BUSCO -g input.fasta -o OUTPUT -l embryophyta_odb9 -m trans -c 8
1、 genome-guided assembly
#BUSCO was run in mode: trans
Summarized benchmarks in BUSCO notation:
C:0%[D:0%],F:0%,M:0%,n:1440
13 Complete BUSCOs
13 Complete and single-copy BUSCOs
0 Complete and duplicated BUSCOs
113 Fragmented BUSCOs
1314 Missing BUSCOs
1440 Total BUSCO groups searched
13しかできていない。
2、 de-novo assembly - rnaspades
#BUSCO was run in mode: trans
Summarized benchmarks in BUSCO notation:
C:0%[D:0%],F:0%,M:0%,n:1440
937 Complete BUSCOs
668 Complete and single-copy BUSCOs
269 Complete and duplicated BUSCOs
164 Fragmented BUSCOs
339 Missing BUSCOs
1440 Total BUSCO groups searched
937見つかった。339 missingがある。
3、 de-novo assembly - trinity
#BUSCO was run in mode: trans
Summarized benchmarks in BUSCO notation:
C:0%[D:0%],F:0%,M:0%,n:1440
1078 Complete BUSCOs
797 Complete and single-copy BUSCOs
281 Complete and duplicated BUSCOs
105 Fragmented BUSCOs
257 Missing BUSCOs
1440 Total BUSCO groups searched
1078見つかった。257 missingがある。
参考; TAIR cDNA
Summarized benchmarks in BUSCO notation:
C:0%[D:0%],F:0%,M:0%,n:1440
1357 Complete BUSCOs
896 Complete and single-copy BUSCOs
461 Complete and duplicated BUSCOs
17 Fragmented BUSCOs
66 Missing BUSCOs
1440 Total BUSCO groups searched
1357見つかる。TAIRのcDNAにも66 missingがある。
まとめ
cuffmergeはかなり厳しい。このケースではゲノムガイドアセンブリは現実的ではないようだ。 trinityがベストのように思える。

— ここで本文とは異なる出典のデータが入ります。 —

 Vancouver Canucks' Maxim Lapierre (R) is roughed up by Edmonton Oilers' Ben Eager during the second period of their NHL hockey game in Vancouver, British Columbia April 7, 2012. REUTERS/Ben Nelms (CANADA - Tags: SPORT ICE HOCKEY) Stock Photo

#BUSCOは以前紹介しました。簡単な使い方をまとめています。
アセンブル結果をCore gene setの検出数で評価する BUSCO - macでインフォマティクス
3、contigの長さの比較
fastaのサイズについてヒストグラムを書き比較する。
check_fasta_length.pl RNA_spades/transcripts.fasta |cut -f 2 - > spades.txt #spadesのfastaの長さを抽出
check_fasta_length.pl trinity/transcripts.fasta |cut -f 2 - > trinity.txt #trinityのfastaの長さを抽出
check_fasta_length.pl Arabidopsis_thaliana.TAIR10.cdna.all.fa |cut -f 2 - > TAIRcDNA.txt #TAIRcDNAのfastaの長さを抽出
Rにて
spades=scan("spades.txt")
trinity=scan("trinity.txt")
cuffmerge=scan("cufflinks_contig")
TAIRcDNA=scan("TAIRcDNA.txt")
hist(spades, col = "#ff00ff40", breaks = 150)

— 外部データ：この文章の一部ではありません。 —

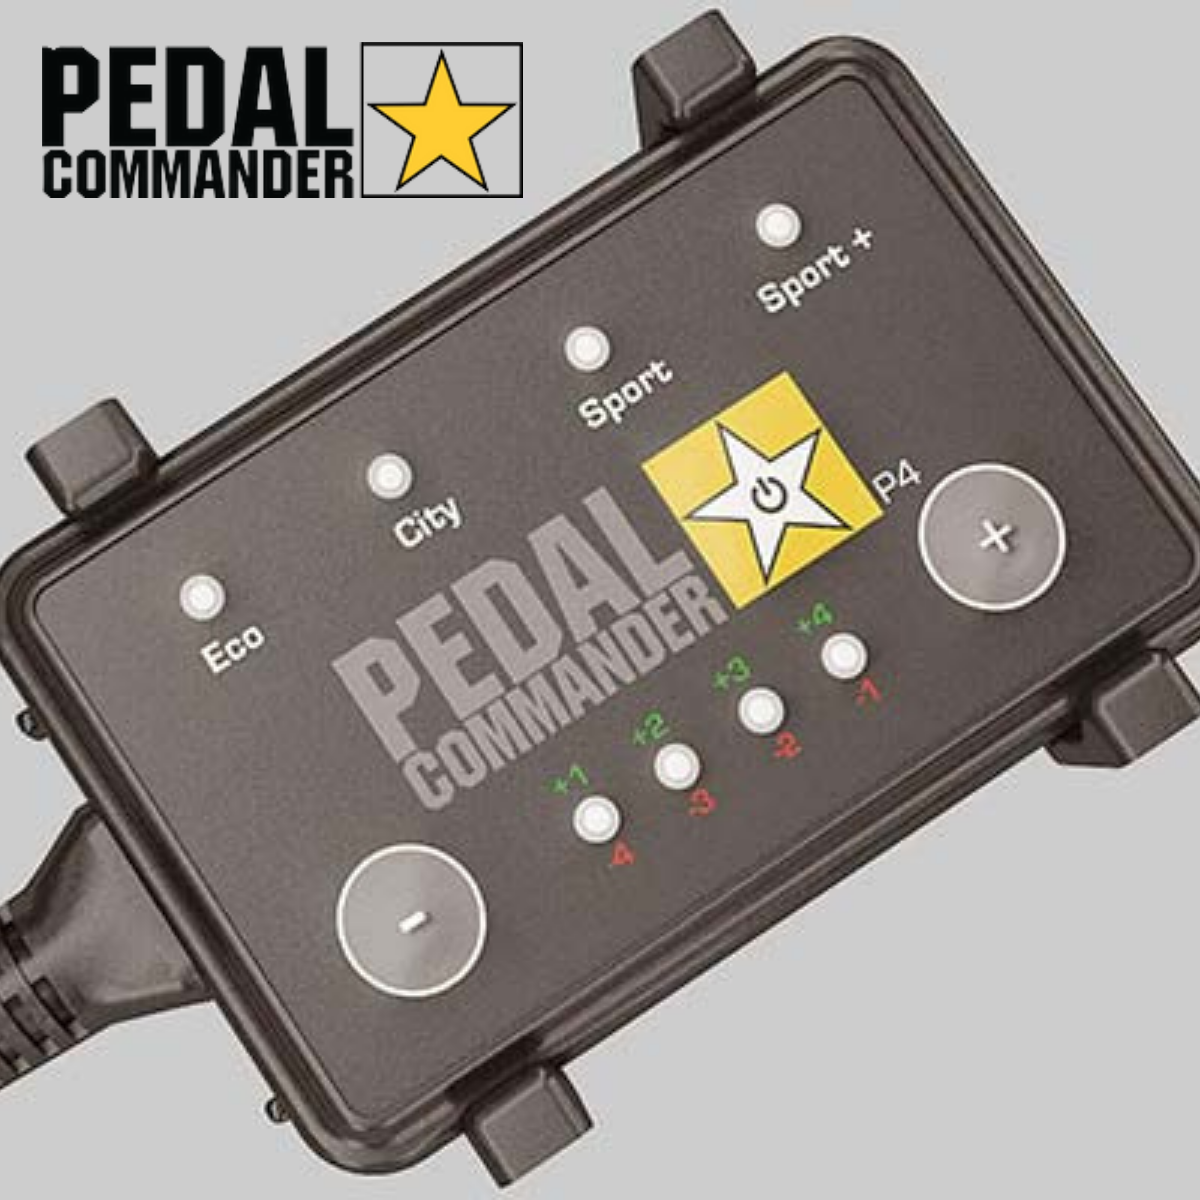 Reduce Throttle Lag With The Pedal Commander

hist(cuffmerge, col = "#00A47450", breaks = 150, add = TRUE) #グラフに追加
hist(TAIRcDNA, col = "#2F343720", breaks = 300, add = TRUE) #グラフに追加
黒がTAIRのcDNAの分布で、ピンクがrnaspadesでアセンブルしたcontigの分布、緑がcuffmergeでゲノムベースにアセンブルしたcontigの分布。縦軸は頻度。横軸は長さ(bp)。

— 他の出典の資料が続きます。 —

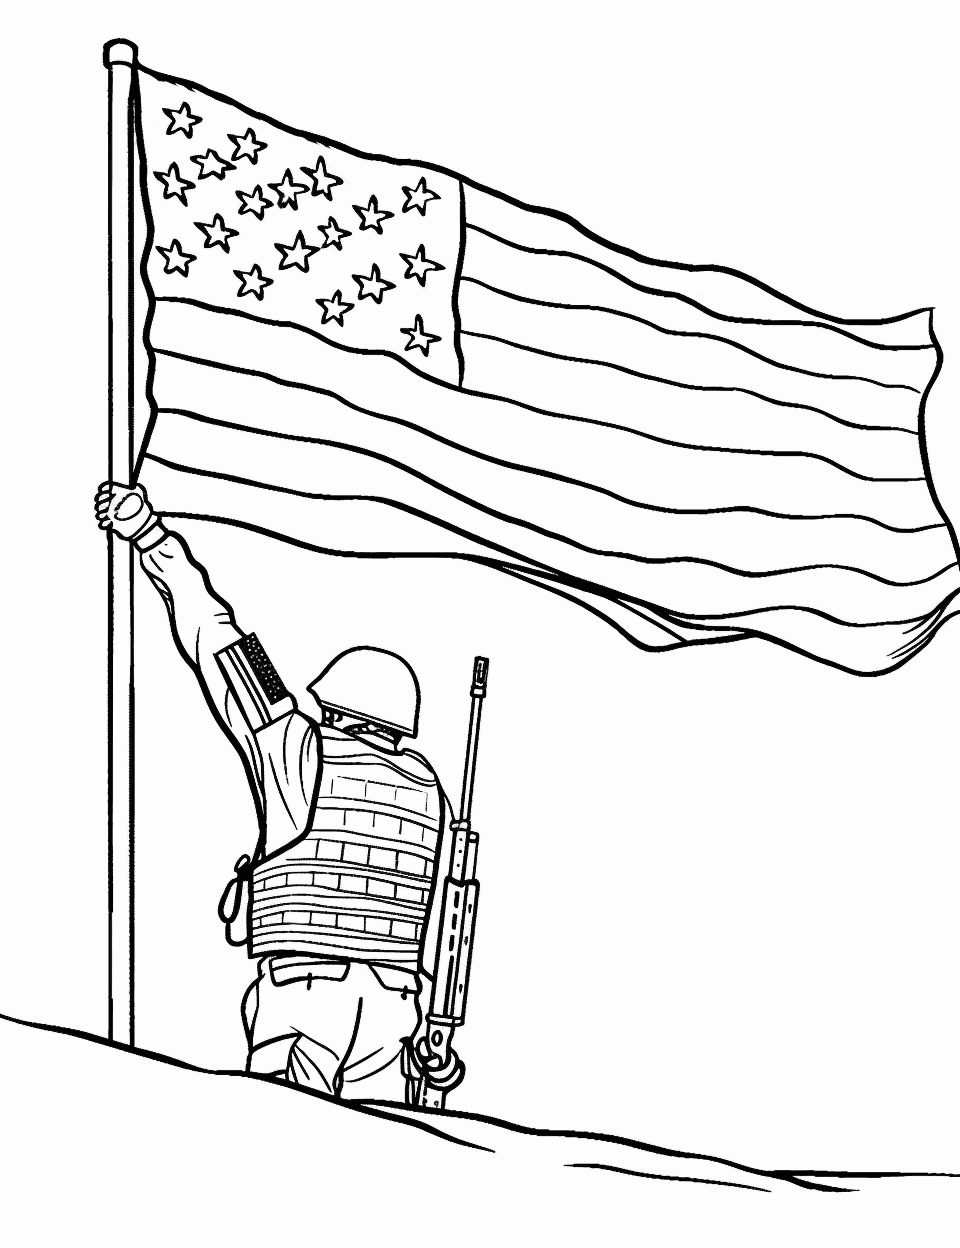 Soldiers Raising the Flag American Coloring Page - Soldier raising the American flag during a military operation.

cuffmergeで作られた領域は短いものが非常に多い。
次にtrinityとrnaspadesの比較。
hist(spades, col = "#ff00ff40", breaks = 150)
hist(trinity, col = "#0000ff40", breaks = 150, add = TRUE) #グラフに追加
ピンクがrnaspadesでアセンブルしたcontigの分布、青がTrinityでセンブルしたcontigの分布。Trinityの方が長いcontigが多い。
4、contigのblast解析
3つの方法で作成したcontigをTAIRのcDNAと比較する。blastnを使う。
まずblastのデータベースを作成。
makeblastdb -dbtype nucl -in Arabidopsis_thaliana.TAIR10.cdna.all.fa -out TAIR10_cDNA_db
相同性検索を実行。出力指定は可能だがdefaultで行う(リンク)。
#RNA_spades
blastn -query RNA_spades/transcripts.fasta -evalue 1e-10 -outfmt 6 -max_target_seqs 1 -db TAIR10_cDNA_db > RNA_spades_out.txt
#trinity
blastn -query trinity/transcripts.fasta -evalue 1e-10 -outfmt 6 -max_target_seqs 1 -db TAIR10_cDNA_db > trinity_out.txt
出力されたファイルにはe-valueが1e-10以下を満たす配列が保存されている。中身を確認しておく。
| 1 |
2 |
3 |
4 |
5 |
6 |
7 |
8 |
9 |
10 |
11 |
12 |
| AT1G19090.1 |
AT1G19090.1 |
99.88 |
2509 |
3 |
0 |
1 |
2509 |
1 |
2509 |
0 |
4617 |
1、2列目がクエリーとデータベースの名前である。さらに3列目が相同性(%)、4列目がhitした長さ、5列目がhitした領域中のミスマッチの数、6列目がギャップの数である。12列目にスコア (Bits) も出ている。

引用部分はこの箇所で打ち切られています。